SecurityNet: Assessing Machine Learning Vulnerabilities on Public Models

  • paper_url: http://arxiv.org/abs/2310.12665
  • repo_url: https://github.com/securitynet-research/securitynet
  • paper_authors: Boyang Zhang, Zheng Li, Ziqing Yang, Xinlei He, Michael Backes, Mario Fritz, Yang Zhang
  • for: 本研究旨在全面描述机器学习模型的安全和隐私漏洞,并在实际应用中进行评估。
  • methods: 本研究使用公开可用的模型 weights 从互联网(公共模型)来评估机器学习模型的攻击和防御方法。我们建立了一个名为 SecurityNet 的数据库,包含 910 个图像分类模型的注解。我们Then analyze the effectiveness of several representative attacks/defenses, including model stealing attacks, membership inference attacks, and backdoor detection on these public models.
  • results: 我们的评估表明,使用公共模型进行评估时,攻击和防御方法的效果会异常 significatively 不同于使用自己训练的模型。我们将 SecurityNet 分享给研究人员,并建议他们在未来的研究中使用公共模型进行实验,以更好地证明他们的提议的方法的效果。
    Abstract While advanced machine learning (ML) models are deployed in numerous real-world applications, previous works demonstrate these models have security and privacy vulnerabilities. Various empirical research has been done in this field. However, most of the experiments are performed on target ML models trained by the security researchers themselves. Due to the high computational resource requirement for training advanced models with complex architectures, researchers generally choose to train a few target models using relatively simple architectures on typical experiment datasets. We argue that to understand ML models' vulnerabilities comprehensively, experiments should be performed on a large set of models trained with various purposes (not just the purpose of evaluating ML attacks and defenses). To this end, we propose using publicly available models with weights from the Internet (public models) for evaluating attacks and defenses on ML models. We establish a database, namely SecurityNet, containing 910 annotated image classification models. We then analyze the effectiveness of several representative attacks/defenses, including model stealing attacks, membership inference attacks, and backdoor detection on these public models.

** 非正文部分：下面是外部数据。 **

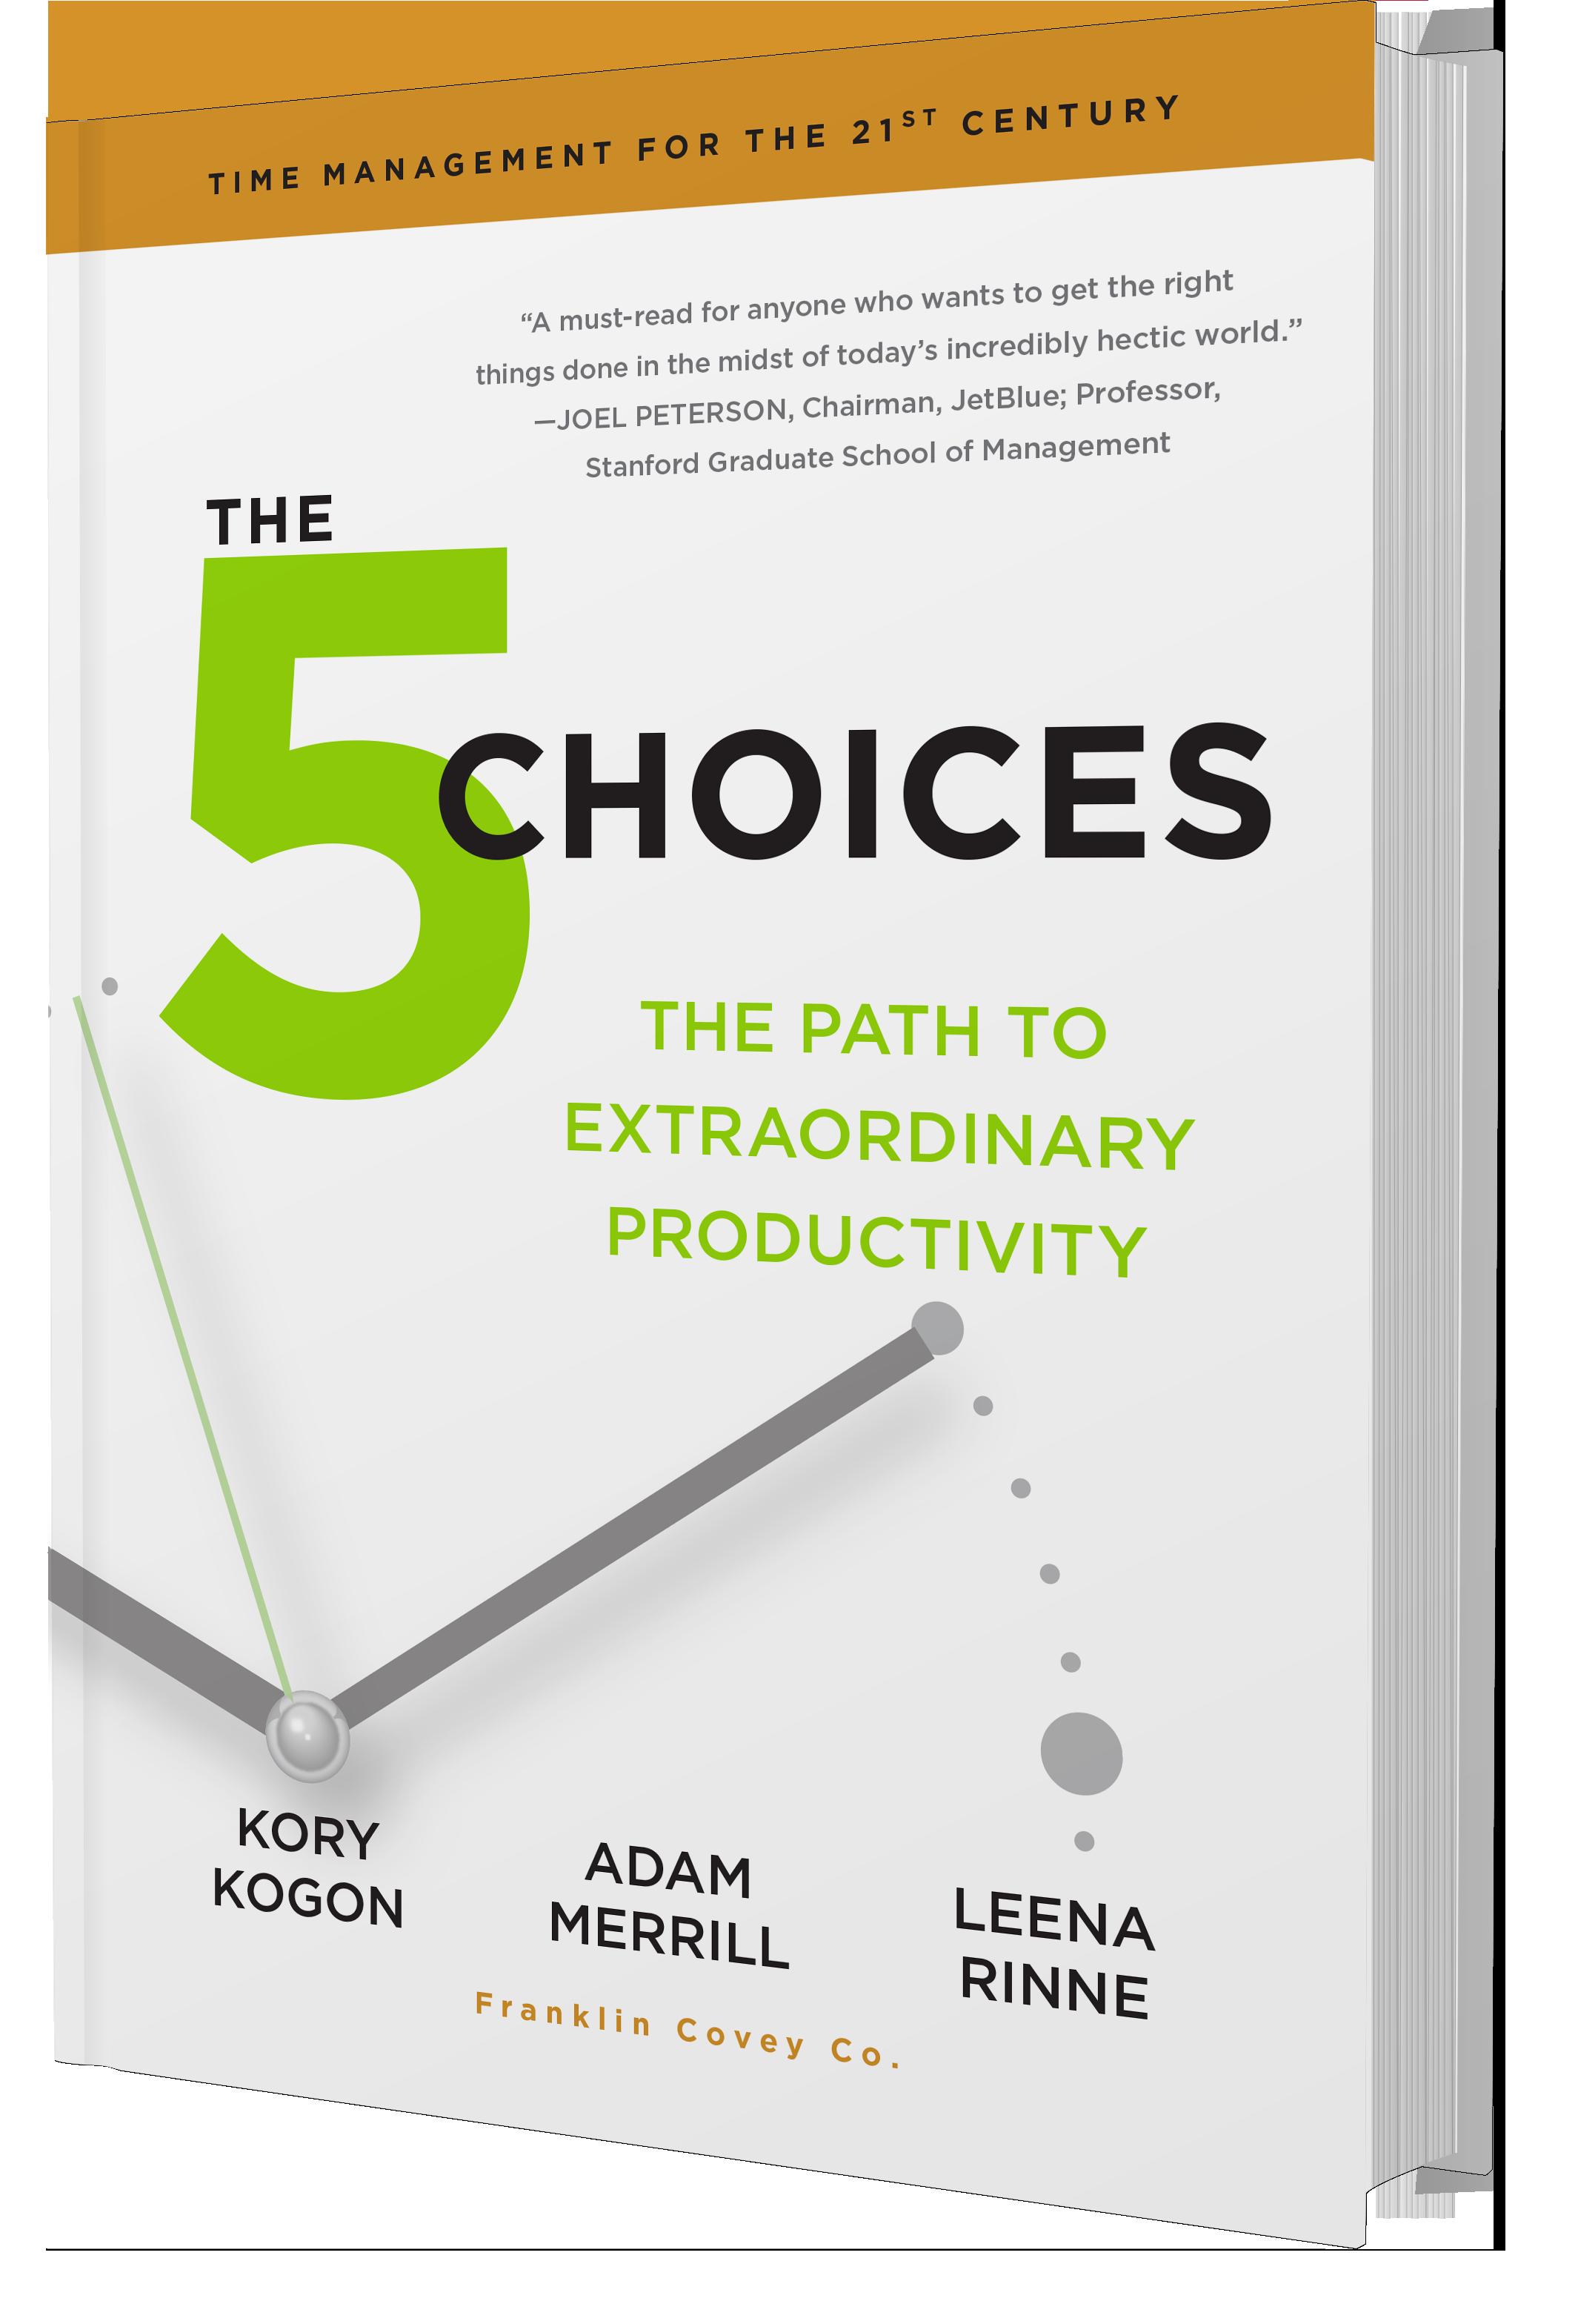 5 Choices 5 izvēles laika plānošana grāmata pirkt FranklinCovey Latvia kā uzlabot produktivitāti

Our evaluation empirically shows the performance of these attacks/defenses can vary significantly on public models compared to self-trained models. We share SecurityNet with the research community. and advocate researchers to perform experiments on public models to better demonstrate their proposed methods' effectiveness in the future.
    摘要 While advanced machine learning (ML) models are deployed in numerous real-world applications, previous works demonstrate these models have security and privacy vulnerabilities. Various empirical research has been done in this field. However, most of the experiments are performed on target ML models trained by the security researchers themselves. Due to the high computational resource requirement for training advanced models with complex architectures, researchers generally choose to train a few target models using relatively simple architectures on typical experiment datasets. We argue that to understand ML models' vulnerabilities comprehensively, experiments should be performed on a large set of models trained with various purposes (not just the purpose of evaluating ML attacks and defenses). To this end, we propose using publicly available models with weights from the Internet (public models) for evaluating attacks and defenses on ML models. We establish a database, namely SecurityNet, containing 910 annotated image classification models. We then analyze the effectiveness of several representative attacks/defenses, including model stealing attacks, membership inference attacks, and backdoor detection on these public models. Our evaluation empirically shows the performance of these attacks/defenses can vary significantly on public models compared to self-trained models. We share SecurityNet with the research community and advocate researchers to perform experiments on public models to better demonstrate their proposed methods' effectiveness in the future.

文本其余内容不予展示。